# Bow stand



## ENB (Nov 12, 2013)

Without breaking the back whats the best bow stand to buy thats not a pop up?


----------



## TX HOOKSETTER (Oct 8, 2009)

For ground blinds I build mine out of T-Post and cattle panels.

(3) T-Posts [7 footers]
(1) 20 foot by 6 foot panel
(9) 2X4 [8 foot long]
(1) 12X12 black tarp
(2) rolls of black cloth paper [tar paper]
(1) camo net

Put 1 post in the ground. Then tie one end of the panel to the post. Make about a 6 foot circle with the panel and leave about a 2 foot gap. This is where the second post will go at. Tie the panel to the second post. Take the third post and put it on the opposite side of the first two posts. This will help hold the panel in a circular shape. Wrap the sides with the black cloth, tar paper or black tarp. Next make an octagon out of the 2X4 that will fit over the panel. Lay the 12X12 tarp over it for the roof. Put the entire blind under the camo net. Last cut out one window to shoot out of.


----------



## Sgrem (Oct 5, 2005)

We make these because they are so easy for one person to load/move/unload.
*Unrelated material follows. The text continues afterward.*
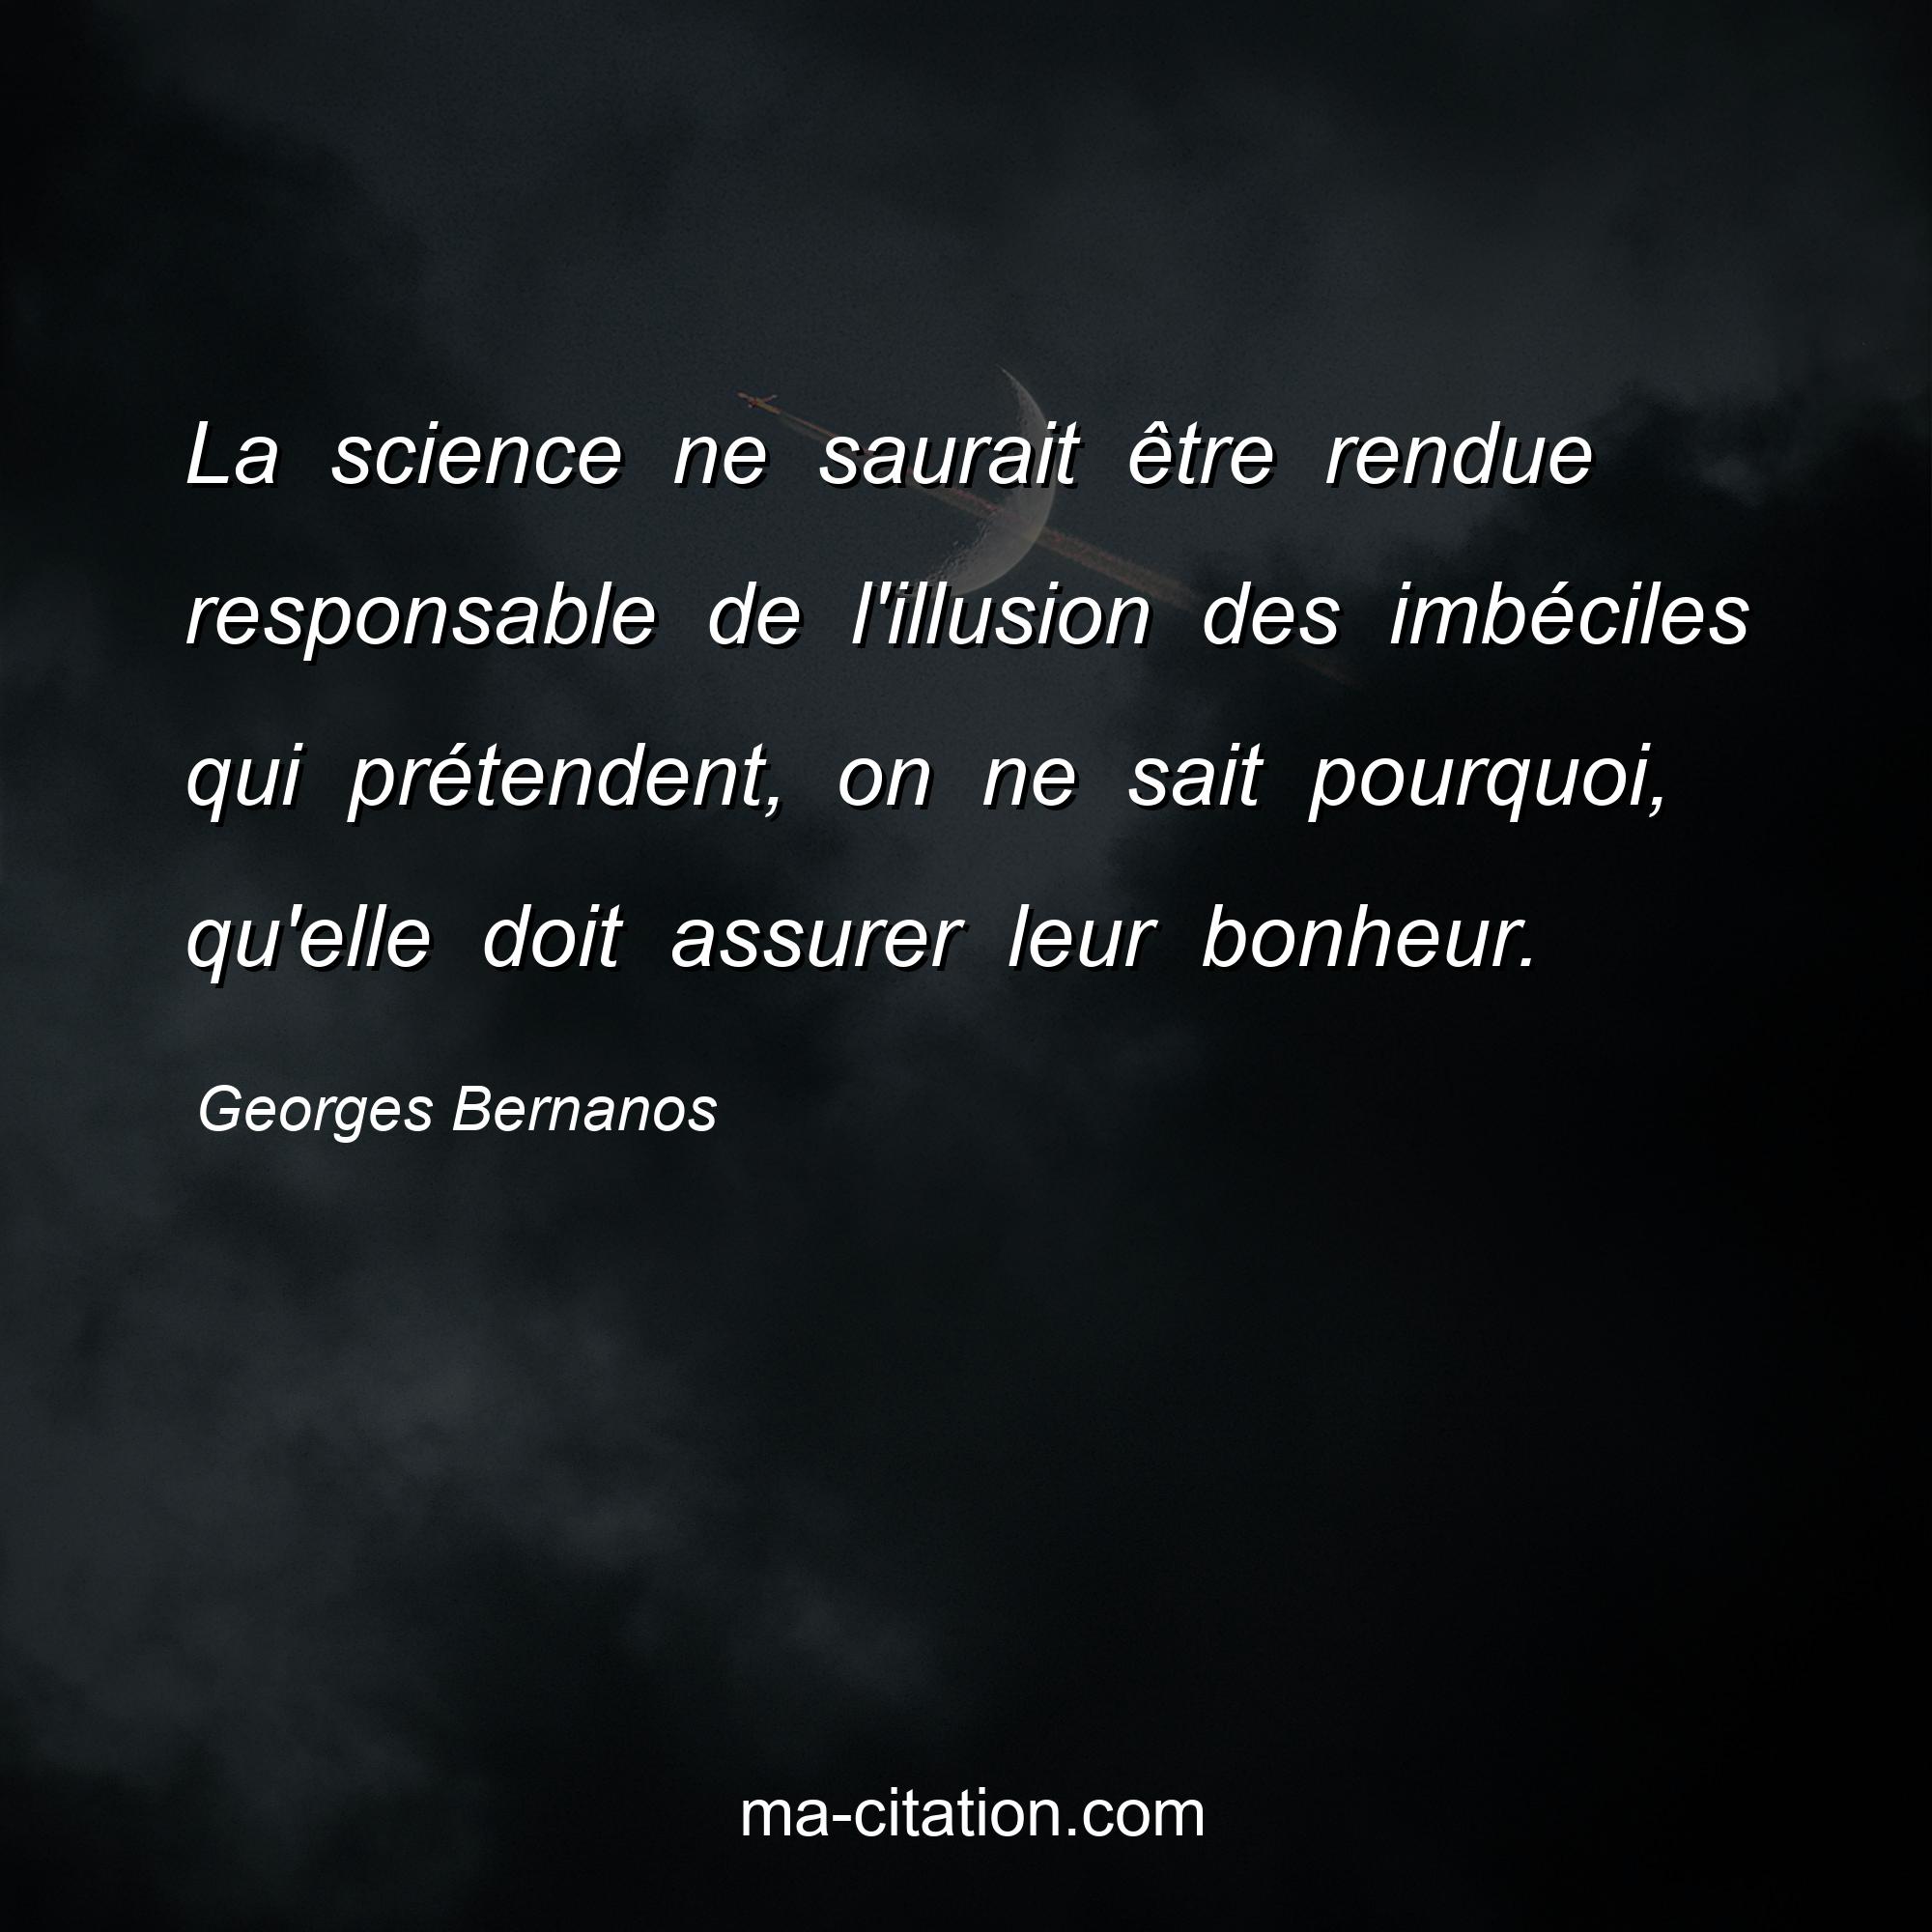 Georges Bernanos : La science ne saurait être rendue responsable de l'illusion des imbéciles qui prétendent, on ne sait pourquoi, qu'elle doit assurer leur bonheur.

Or can make a platform for it too....
And snakes ain't gettin in....


----------



## Fishin' Soldier (Dec 25, 2007)

sgrem said:


> We make these because they are so easy for one person to load/move/unload. Or can make a platform for it too....
> And snakes ain't gettin in....


What kind of price tag on these?


----------



## ENB (Nov 12, 2013)

how much are those


----------



## Sgrem (Oct 5, 2005)

http://2coolfishing.com/forum/showthread.php?t=1983930

Here you go guys.


----------



## Bird (May 10, 2005)

Those are really nice blinds. I've looked at a bunch and those look good. I really like those big archery window.


----------



## Saddle Blanket (Jul 18, 2013)

Krivoman Blinds

Sent from my SAMSUNG-SM-N910A using Tapatalk


----------



## KevBow (Mar 18, 2011)

Just make a brush blind or buy a cheap tripod


----------



## DCUnger (Jul 25, 2012)

Cheap tripod and brush them in, no higher than the trees behind you!


----------